BRAÇO-DE-FERRO NA ROMÉNIA

A Selecção Nacional de Seniores Masculinos defronta amanhã (16h30) a Roménia, com quem vai disputar três jogos de preparação com vista à participação das duas equipas no Campeonato do Mundo de 2025, que se realiza nas Filipinas entre 12 e 28 de Setembro. Mais informações aqui / aqui e aqui

Hoje, o primeiro particular entre Portugal e Roménia, disputado em Piatra Neam, terminou com a vitória da equipa local pela diferença mínima (3-2: 24-26, 25-18, 25-21, 17-25 e 15-9).

Por Portugal, jogaram de início: Filip Cveticanin, Miguel Tavares Rodrigues, Lourenço Martins, Kelton Tavares, José Pinto e Nuno Marques; libero – Ivo Casas.
Jogaram também: Guilherme Menezes, Tiago Violas, André Pereira, Rafael Santos e Gonçalo Sousa (libero).

Filip Cveticanin, central de Portugal que actua no campeonato romeno:
Sinceramente, depois da viagem que fizemos, para mim este jogo, apesar de uma derrota em cinco sets, acabou por ser muito positivo. Tendo em consideração a difícil viagem que tivemos e o cansaço, e mesmo em conseguir gerir os treinos de musculação com bola, creio que fizemos um jogo muito sólido e muito bom.
Também já nos adaptámos um bocadinho mais ao pavilhão pelo que, acredito, vamos melhorar nos próximos jogos e não cometer tantos erros não forçados em momentos mais difíceis“.

O Seleccionador Nacional, João José, que em 2002 integrou, como central, a formação portuguesa que rubricou o histórico 8.º lugar no Mundial da Argentina, fez uma síntese da preparação para o Campeonato do Mundo 2025, que arranca no dia 12 de Setembro.
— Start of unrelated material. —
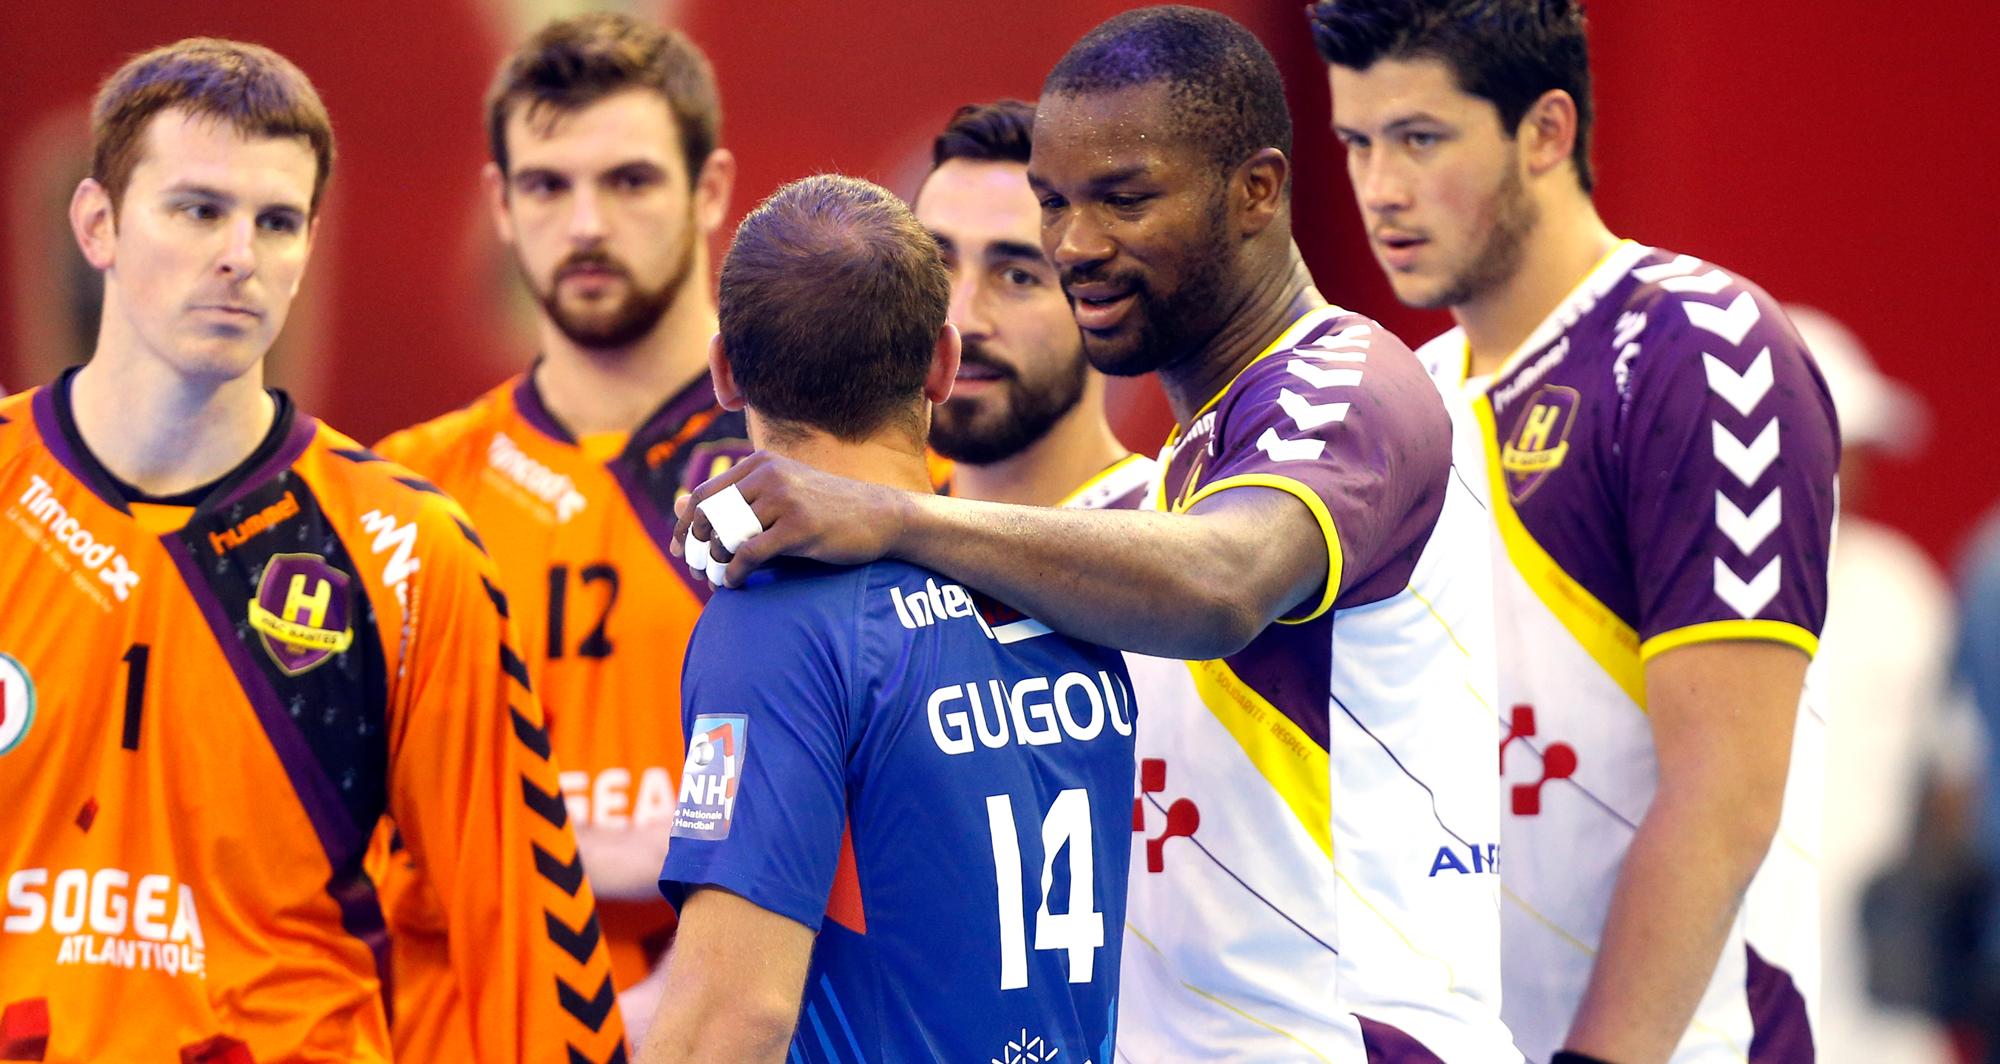 Rock Feliho et Michaël Guigou, meilleurs amis dans la vie et adversaires sur le terrain, comme ici lors de la saison 2014-2015
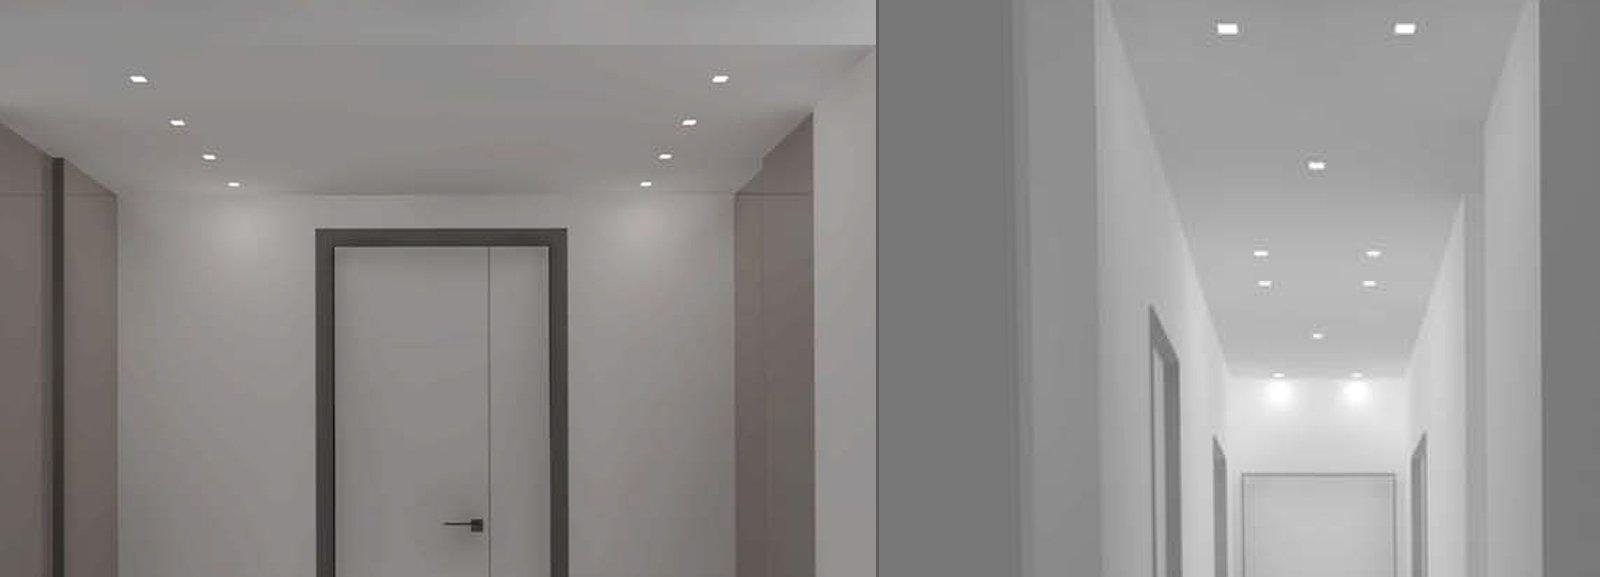 Illuminare gli ambienti con i faretti - Cose di Casa

Começámos com duas semanas de preparação em Viana do Castelo, que foram as mais duras. Alguns dos atletas vinham de uma paragem e era importante que pudessem recuperar o nível físico e mental. Depois, passámos a um momento diferente. Na quarta semana, já fizemos jogos de preparação com as Filipinas, que correram dentro das nossas expectativas. Aproveitámos para dar volume de jogo a alguns que, se calhar, poderão ter menos oportunidade de jogar.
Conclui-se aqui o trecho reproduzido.